Much of the current knowledge is based on observations carried out using research aircraft (e.g., Curry et al., 1988; Tetzlaff et al., 2015) and ground-based remote-sensing observations (e.g., Sedlar and Shupe, 2014). However, in particular the lowermost levels, including fog or low-level clouds, are difficult to probe with manned aircraft. These as well as unmanned aerial systems (UAVs; e.g., Bates et al., 2013; Jonassen et al., 2015) are mainly limited to cloudless situations due to problems in icing conditions. Ground-based remote-sensing measurements were used to analyze the interactions between atmospheric radiation and turbulence in Arctic mixed-phase clouds (e.g., Sedlar and Shupe, 2014), providing simulation-based estimates of the cloud top cooling (Turner et al., 2018). These studies are limited to a vertical resolution of typically 45 m. Further, only very few in situ observations of cloud top entrainment, the evolution of coupled to decoupled clouds (Shupe et al., 2012), and vertical profiles of solar and TIR radiation (Becker et al., 2018) exist in the Arctic.

Tethered balloon measurements enable us to bridge the gap between surface-based and aircraft measurements by probing the whole vertical profile of the ABL. They have been deployed successfully in the Arctic, for example during the Arctic Summer Cloud Ocean Study (ASCOS; Shupe et al., 2012; Kupiszewski et al., 2013), in combination with UAVs in Arctic Alaska (de Boer et al., 2018) and in Ny-Ålesund (Lawson et al., 2011; Sikand et al., 2013). Tethered balloons are less affected by icing, and the slow ascent rate enables a high vertical resolution. Depending on the size of the applied balloon, they can lift payloads from a few kilograms up to several tens of kilograms to an altitude of 1 km or more with an endurance of up to several hours. Duda et al. (1991) and Becker et al. (2018) used a tethered balloon to measure vertical profiles of irradiances and derived heating rates from the measurements. Canut et al. (2016) showed that it is possible to measure the three-dimensional wind vector using a tethered balloon, whose motion is directly affected by the turbulent wind field.
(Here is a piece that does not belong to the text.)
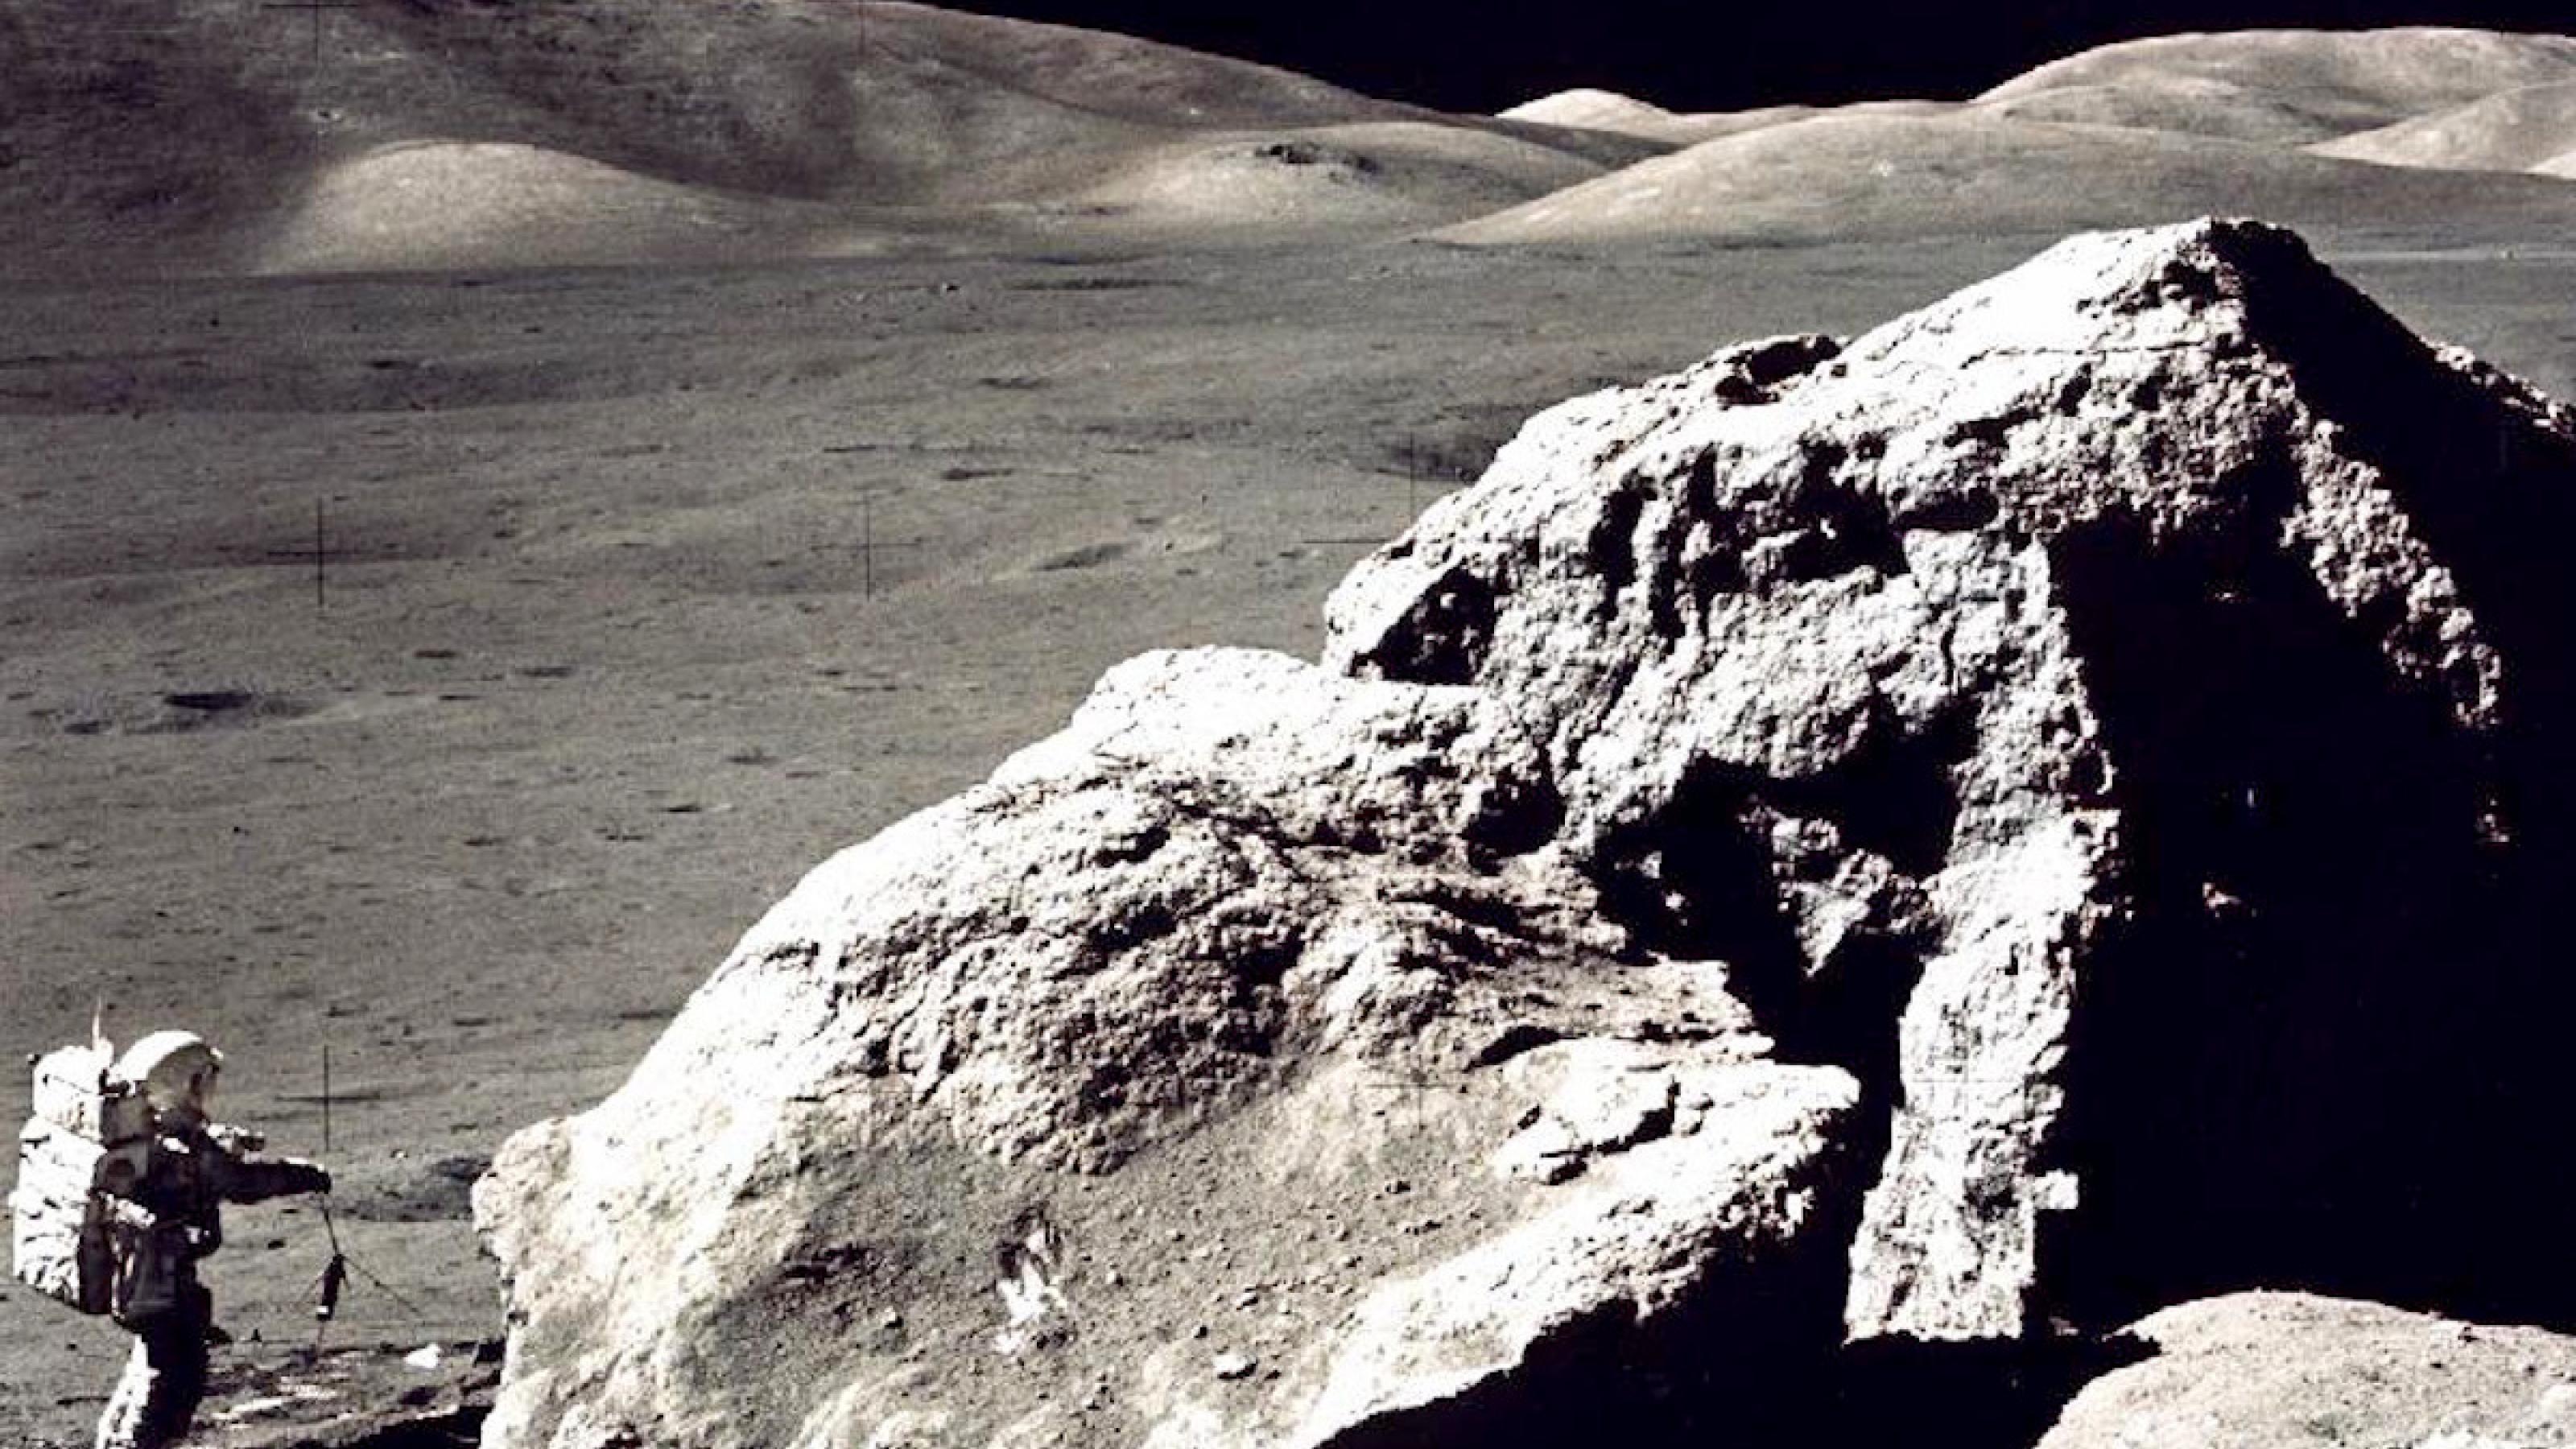 Auf dem Mond: ein hausgroßer Fels, daneben ein Astronaut im Raumanzug

However, so far no combined balloon-borne vertical profile measurements of turbulent and radiative energy fluxes have been reported, although the combined analysis of radiative and turbulent processes is key for understanding the role of clouds in the context of Arctic amplification.

In this study, we introduce the new Balloon-bornE moduLar Utility for profilinG the lower Atmosphere (BELUGA) for collocated in situ measurements of turbulence and broadband solar and TIR radiation. BELUGA with its three modular instrument packages was first deployed during the ship-based Arctic field campaign Physical feedbacks of Arctic planetary boundary level Sea ice, Cloud and AerosoL (PASCAL), which is part of the extensive observational effort aiming at understanding cloud processes related to Arctic amplification (Wendisch et al., 2019). In the framework of the PASCAL campaign, the RV Polarstern accessed the sea-ice-covered area north of Svalbard in early summer 2017, and drifted during a 2-week period attached to an ice floe. PASCAL included substantial instrumentation from different research groups (Macke and Flores, 2018; Wendisch et al., 2019) and is associated with the concurrent aircraft campaign Arctic CLoud Observations Using airborne measurements during polar Day (ACLOUD).

The present study demonstrates the possibility to concurrently measure vertical profiles of turbulence and radiation parameters including energy fluxes using a tethered balloon in the cloudy Arctic ABL. The technical specifications and data analysis of the new system are introduced in Sects. 2 to 4. The results of measurements with BELUGA in three typical weather situations (single-layer cloud, cloudless conditions, multilayer clouds) observed during PASCAL are presented to illustrate the potential of the new setup (Sect. 5). A summary and a discussion of the limitations and potential for future employment of the balloon system are given in Sect. 6.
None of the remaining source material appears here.